Would you repeat the listing exactly, without any of its images?

Material provided:
────────────────────────────────────────

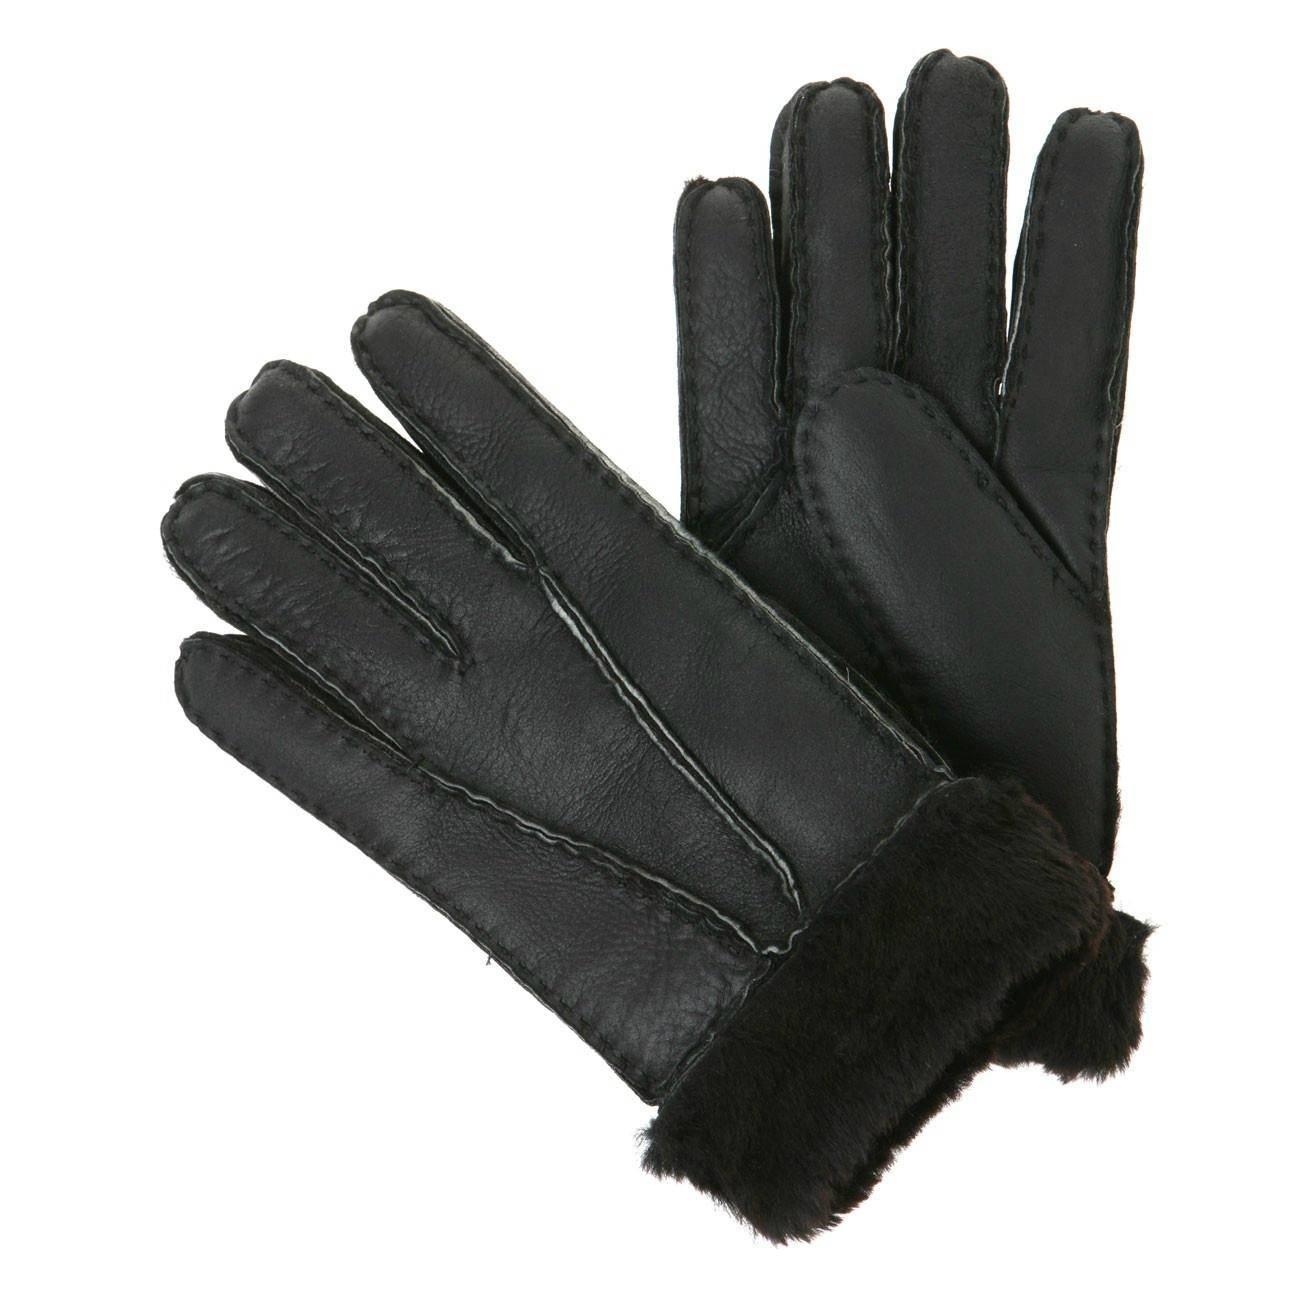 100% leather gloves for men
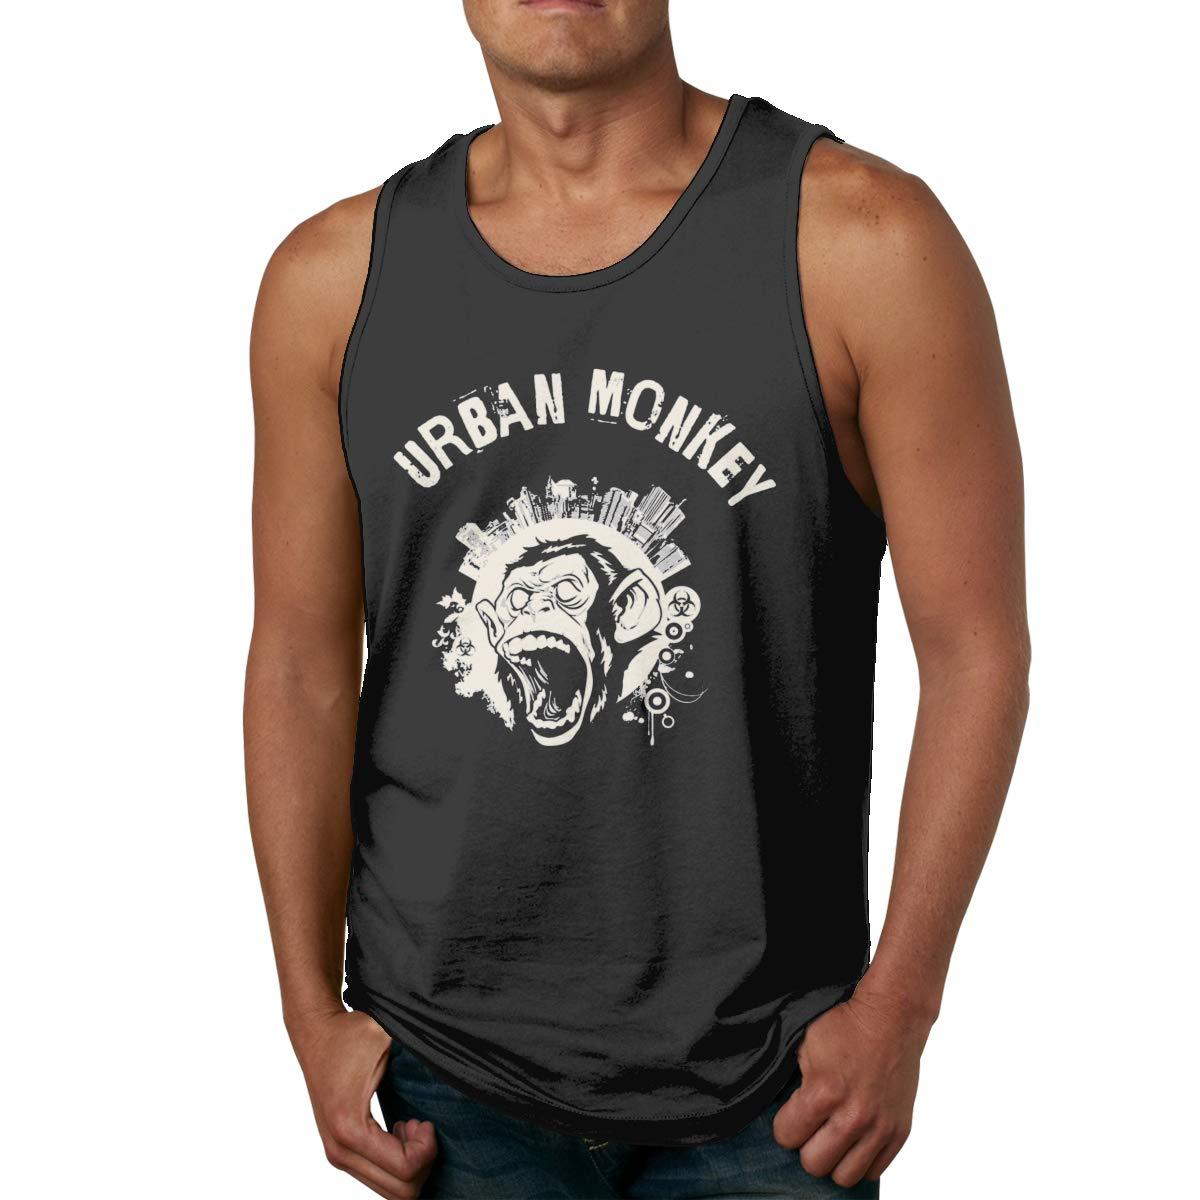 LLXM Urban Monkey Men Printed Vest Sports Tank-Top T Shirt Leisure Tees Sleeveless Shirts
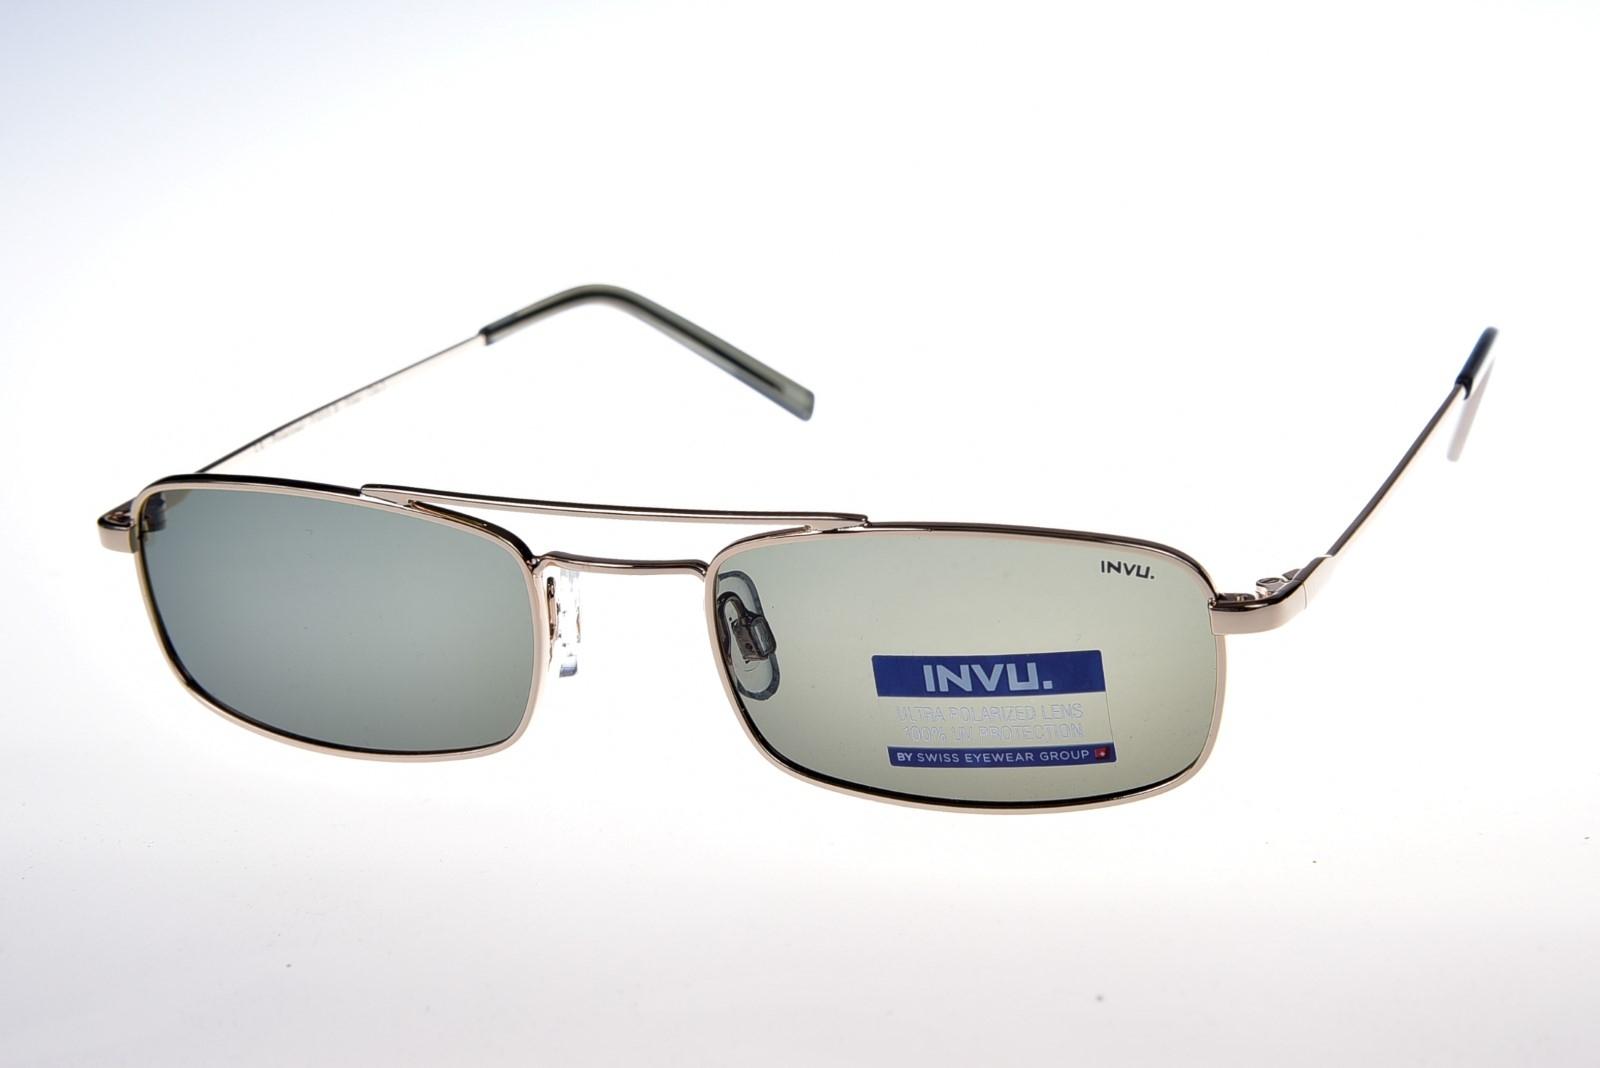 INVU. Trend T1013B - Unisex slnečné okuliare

────────────────────────────────────────

Finished task:
 100% leather gloves for men
 LLXM Urban Monkey Men Printed Vest Sports Tank-Top T Shirt Leisure Tees Sleeveless Shirts
 INVU. Trend T1013B - Unisex slnečné okuliare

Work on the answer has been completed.